Write out again, exactly, the lines below starting at the one with "Funny cheetah smiling." and ending at the one with "Parcel transport services".
(Material for this task Opens)
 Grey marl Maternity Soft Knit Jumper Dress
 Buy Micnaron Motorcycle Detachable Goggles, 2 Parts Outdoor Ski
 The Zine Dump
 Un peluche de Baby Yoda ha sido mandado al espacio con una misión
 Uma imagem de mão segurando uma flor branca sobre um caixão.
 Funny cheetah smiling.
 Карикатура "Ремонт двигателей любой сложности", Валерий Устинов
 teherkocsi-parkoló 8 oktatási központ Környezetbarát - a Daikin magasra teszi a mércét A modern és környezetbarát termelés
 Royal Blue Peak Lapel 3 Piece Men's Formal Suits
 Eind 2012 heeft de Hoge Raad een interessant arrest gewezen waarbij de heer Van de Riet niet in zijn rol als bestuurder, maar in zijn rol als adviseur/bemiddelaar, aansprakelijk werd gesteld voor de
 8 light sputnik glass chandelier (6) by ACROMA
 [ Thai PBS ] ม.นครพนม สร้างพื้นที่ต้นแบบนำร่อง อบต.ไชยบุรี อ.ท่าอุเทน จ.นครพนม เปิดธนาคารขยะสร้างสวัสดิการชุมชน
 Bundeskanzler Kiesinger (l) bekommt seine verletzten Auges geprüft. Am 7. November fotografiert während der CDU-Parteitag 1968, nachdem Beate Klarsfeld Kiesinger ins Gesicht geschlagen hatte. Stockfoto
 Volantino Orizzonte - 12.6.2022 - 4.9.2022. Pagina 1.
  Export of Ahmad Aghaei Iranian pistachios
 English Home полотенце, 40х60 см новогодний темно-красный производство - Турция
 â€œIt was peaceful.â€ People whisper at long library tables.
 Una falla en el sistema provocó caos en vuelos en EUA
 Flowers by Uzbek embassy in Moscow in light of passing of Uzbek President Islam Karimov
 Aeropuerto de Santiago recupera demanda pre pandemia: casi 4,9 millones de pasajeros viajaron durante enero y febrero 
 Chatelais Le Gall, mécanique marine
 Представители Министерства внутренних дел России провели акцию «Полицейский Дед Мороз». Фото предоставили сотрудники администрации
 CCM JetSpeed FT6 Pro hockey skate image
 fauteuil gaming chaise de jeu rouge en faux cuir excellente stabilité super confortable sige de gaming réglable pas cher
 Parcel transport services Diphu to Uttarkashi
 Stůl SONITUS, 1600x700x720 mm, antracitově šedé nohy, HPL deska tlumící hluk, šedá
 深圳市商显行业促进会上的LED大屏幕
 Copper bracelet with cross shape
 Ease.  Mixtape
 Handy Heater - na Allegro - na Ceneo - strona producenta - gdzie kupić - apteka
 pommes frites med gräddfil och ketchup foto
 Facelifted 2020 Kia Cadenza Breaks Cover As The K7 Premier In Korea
(Material for this task Closes)
Result of this exercise:
 Funny cheetah smiling.
 Карикатура "Ремонт двигателей любой сложности", Валерий Устинов
 teherkocsi-parkoló 8 oktatási központ Környezetbarát - a Daikin magasra teszi a mércét A modern és környezetbarát termelés
 Royal Blue Peak Lapel 3 Piece Men's Formal Suits
 Eind 2012 heeft de Hoge Raad een interessant arrest gewezen waarbij de heer Van de Riet niet in zijn rol als bestuurder, maar in zijn rol als adviseur/bemiddelaar, aansprakelijk werd gesteld voor de
 8 light sputnik glass chandelier (6) by ACROMA
 [ Thai PBS ] ม.นครพนม สร้างพื้นที่ต้นแบบนำร่อง อบต.ไชยบุรี อ.ท่าอุเทน จ.นครพนม เปิดธนาคารขยะสร้างสวัสดิการชุมชน
 Bundeskanzler Kiesinger (l) bekommt seine verletzten Auges geprüft. Am 7. November fotografiert während der CDU-Parteitag 1968, nachdem Beate Klarsfeld Kiesinger ins Gesicht geschlagen hatte. Stockfoto
 Volantino Orizzonte - 12.6.2022 - 4.9.2022. Pagina 1.
  Export of Ahmad Aghaei Iranian pistachios
 English Home полотенце, 40х60 см новогодний темно-красный производство - Турция
 â€œIt was peaceful.â€ People whisper at long library tables.
 Una falla en el sistema provocó caos en vuelos en EUA
 Flowers by Uzbek embassy in Moscow in light of passing of Uzbek President Islam Karimov
 Aeropuerto de Santiago recupera demanda pre pandemia: casi 4,9 millones de pasajeros viajaron durante enero y febrero 
 Chatelais Le Gall, mécanique marine
 Представители Министерства внутренних дел России провели акцию «Полицейский Дед Мороз». Фото предоставили сотрудники администрации
 CCM JetSpeed FT6 Pro hockey skate image
 fauteuil gaming chaise de jeu rouge en faux cuir excellente stabilité super confortable sige de gaming réglable pas cher
 Parcel transport services Diphu to Uttarkashi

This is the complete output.